If you take out a $10,000,000, 30 year loan(or some other debt instrument such as bonds) to build a factory during strong economic times you’ll plan your production and pricing such that you can meet your debt payments and make a profit. Let’s say that for ten years things go according to plan, the economy is growing and inflation is healthy. Then something happens, and by year 15 of operations the economy has entered a deflationary cycle, prices and wages are falling. In order to move inventory you have to lower prices, the deflationary market simply won’t bear your original prices. So revenue drops. On the bright side because of deflation your variable costs (raw materials, wages etc…) also decrease. However the fixed cost of your debt payments remain the same. If deflation goes on for too long, or comes on too quickly your factory won’t be able to generate enough revenue to meet your debt payments you go bust.

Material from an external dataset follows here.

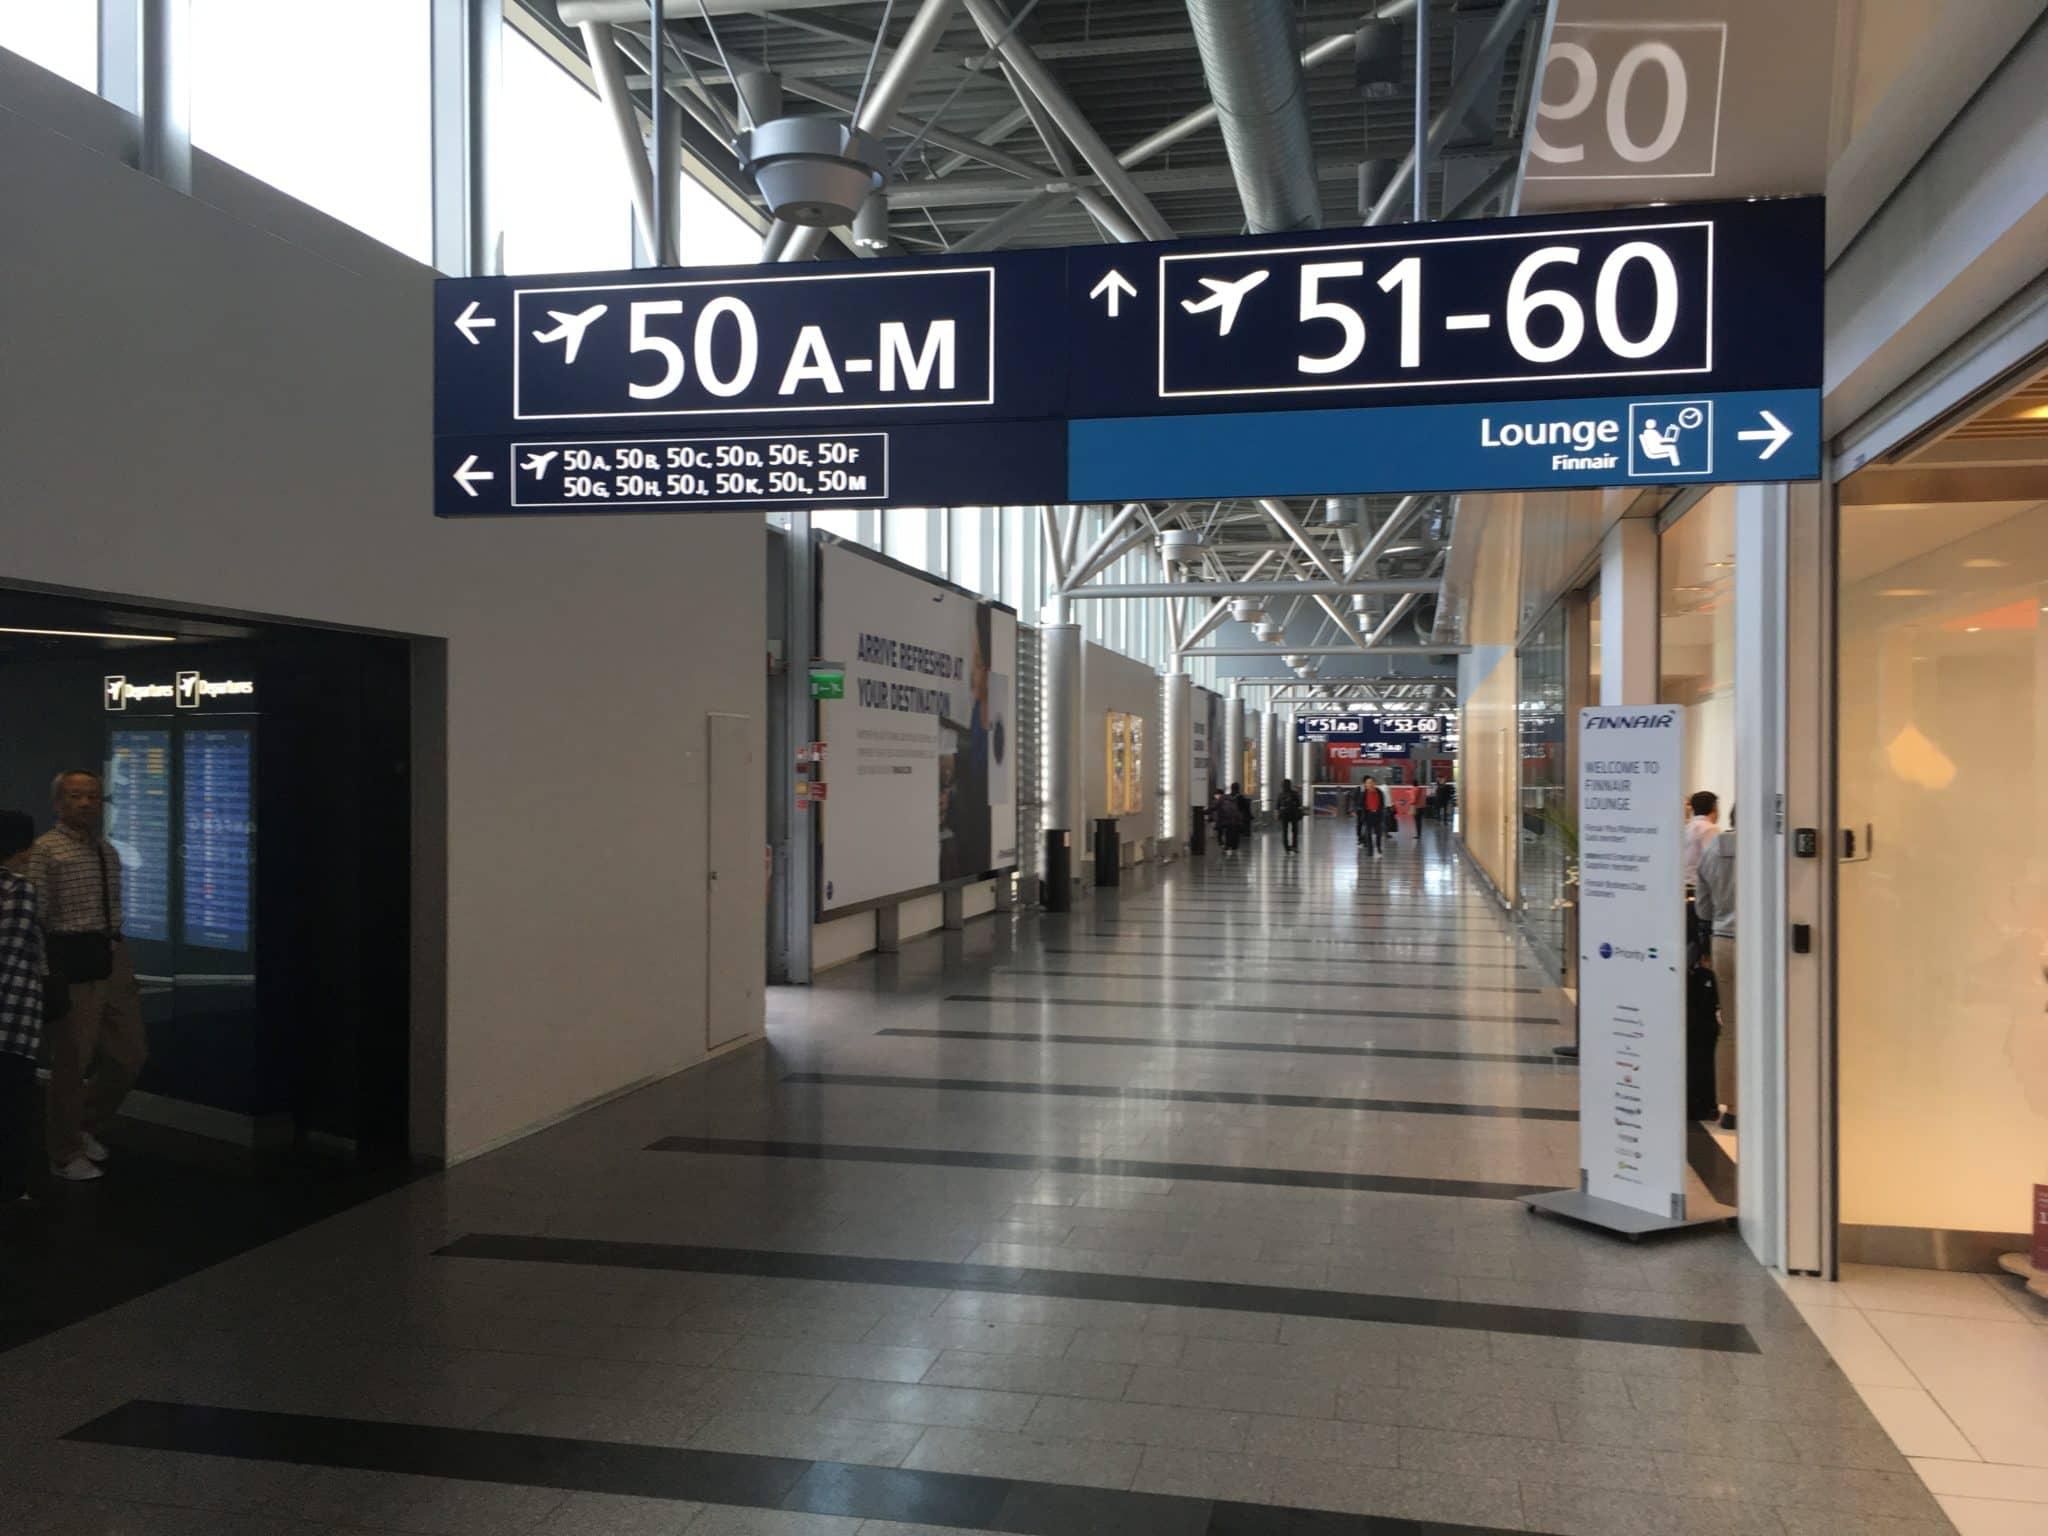 Finnair Lounge Helsinki Non-Schengen Gate 50

Depending on the debt instruments used and the terms of said intruments it may be possible to refinance them under favorable terms but no matter what you do with the interest rates the sad fact remains that the 10,000,000 you borrowed 15 years ago is worth alot more after a period of deflation than it was when you borrowed it, and your gonna have to repay it somehow. Or go bankrupt.

This actually happened to a lot of farmers and middle class shop owners in the 19th century just after the Civil War when the US economy went into a sharp deflation cycle. Just like with inflation a small amount of deflation that is steady of a long period of time can be surviable, but the percentage of deflation that isn’t harmful is much lower than with inflation. It’s also much more of a danger now than it was 200 years ago because debt financing is much more common now than it used to be.

Just to summarize some of what has been said about deflation being bad: Deflation is very bad for the banks’ loan business, esp. pre-deflation loans. Banks get into trouble, stop making loans, maybe even go under. Capital disappears. Economy grinds to a halt.

Cf. Japan last 10 years.

What about people who have money and owe nothing?
Example: my father-inlaw is retired, and owns his home outright. He owes no money.
His only income is social security, but…he had sold his business to retire. I think he has about 450 grand in actual cash.

Wouldn’t deflation be a huge boon to someone like him (while it ruins the rest of us).

pkbites, yes, deflation is the cat’s pajamas for people who operate in cash. For a taste of this, cpnsider the steadily-dropping prices of many computer components. (BTW, I’ve read that this isn’t actually deflation, but is a typical price-drop that occurs at the introduction of a new technology.)

As an example, a week ago I bought a DVD recorder that cost CAD 280.00 plus taxes. It does more than a DVD recorder I priced in January (eight months ago) that cost CAD 500.00. Both were the lowest-cost units in Toronto at the time. I simply waited because I knew the prices would drop until they matched my savings for the purchase.

Now, imagine that happening to everything, and that’s what deflation would be like from a consumer perspective. But FunkySpaceCowboy is right; if you have debt it’s a killer.

During the height of the Great Depression, there was some deflation. People were earning much less money then, and thankfully deflation allowed their money to go farther (cheaper groceries etc.). Some economists have suggested this effectively offset the tight supply of money to some degree.

“Wouldn’t deflation be a huge boon to someone like him (while it ruins the rest of us).”
Not if interest rates drop for savings… in 2001 my Bank of America branch interest rate on their savings account was .25%, the next year it was .50% . That’s correct, one half of one percentage point. When there was inflation, interest rates were high, around 9 to 10%. So you make alot more interest.